Friday, June 8, 2012

Patron saint of French Socialists

Next Sunday, as we wander out of our village churches after the Mass (while shaking hands with Monsieur le curé and expressing admiration for the excellence of his sermon) and stroll to the polling booths for the first round of the parliamentary elections, we Socialists must not fail to remember that our party now has a patron saint.


The feast day of Saint Nafissatou is the 14th May. A legendary tale reveals that, on that day in the year 2011, in a humble inn in the village of Manhattan, the Holy Ghost alighted upon our heroine in the bodily form of Dominique Strauss-Kahn, clad in less than the bare necessities. Were it not for all the shit that followed, we French Socialists would have pleaded with Dominique to be our leader.

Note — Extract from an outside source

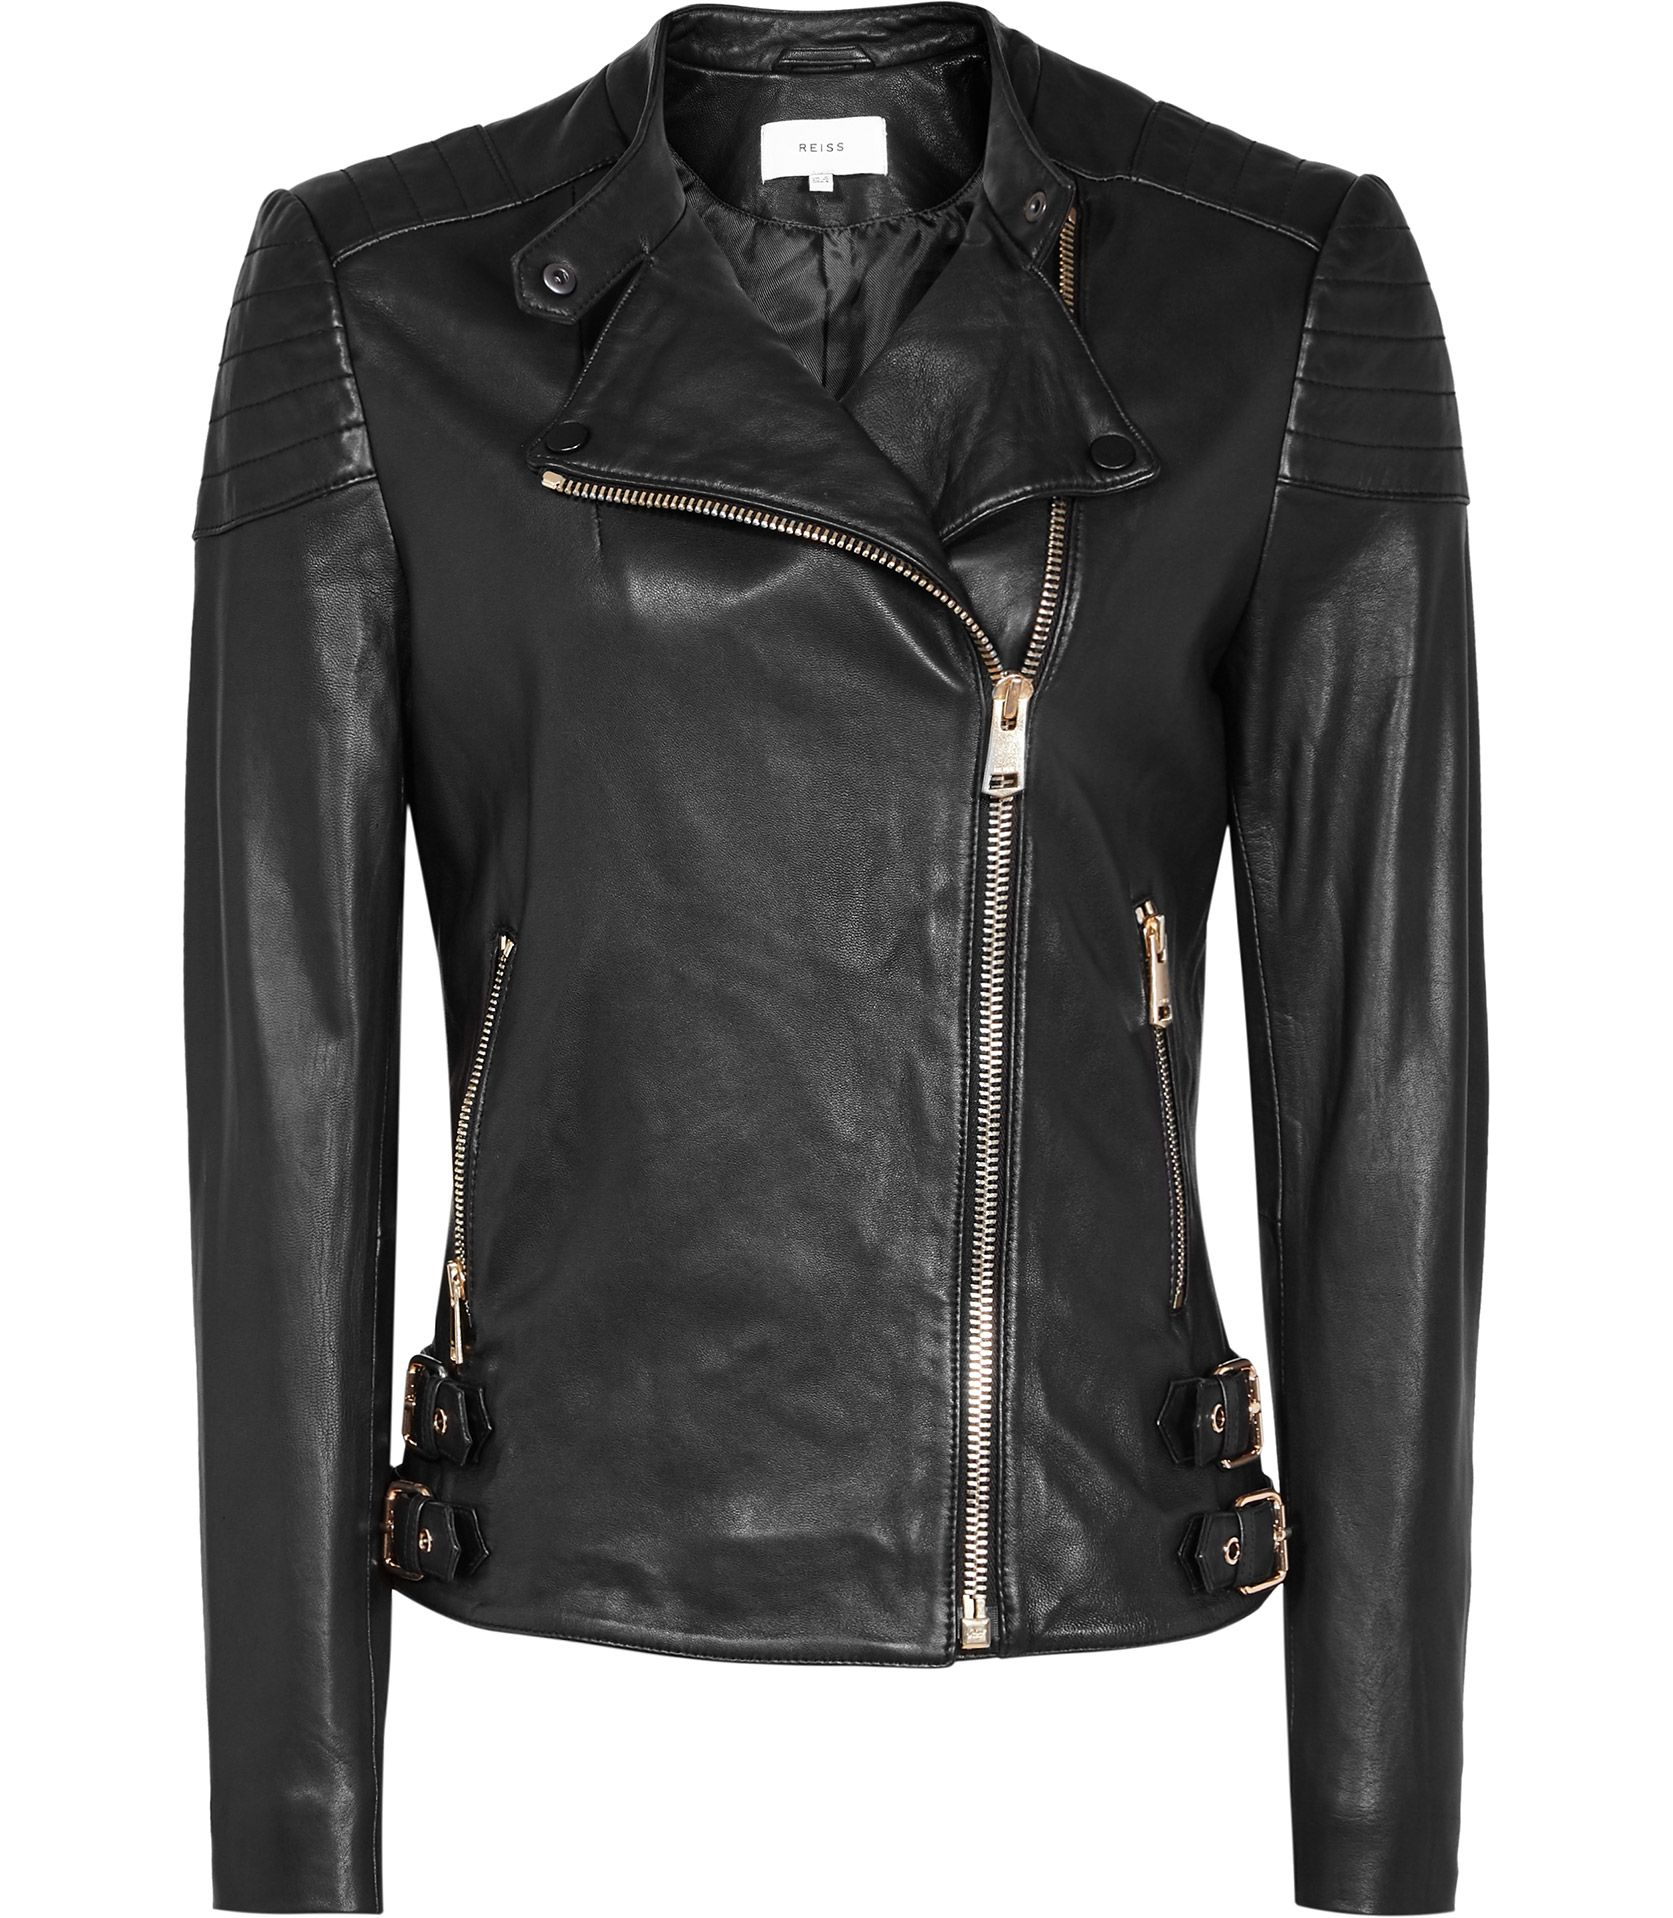 Womens Black Leather Biker Jacket Reiss Shelby Leather Jackets Women Leather Jacket Fashion [ 1918 x 1673 Pixel ]

History will surely confirm that Strauss-Kahn would have accepted our pleas of allegiance. We would have gone into presidential battle behind Dominique's banner. And it's not unlikely that Christians among us would have evoked the celebrated words of the Singing Nun, the tragic Belgian Jeanine Deckers [1933-1985 suicide with her female lover]... without worrying too much about the fact that the French verb niquer means "to screw" (in the sense that an internationally-renowned master of economics might like to screw prostitutes).


Were it not for Saint Nafi (her familiar name among friends), we would have gone into the recent presidential elections as innocent lambs, not knowing that the malefic forces of Sarko had more than enough data on hand to screw our hero and ourselves. And the whole nasty affair would have blown up in the middle of the electoral activities.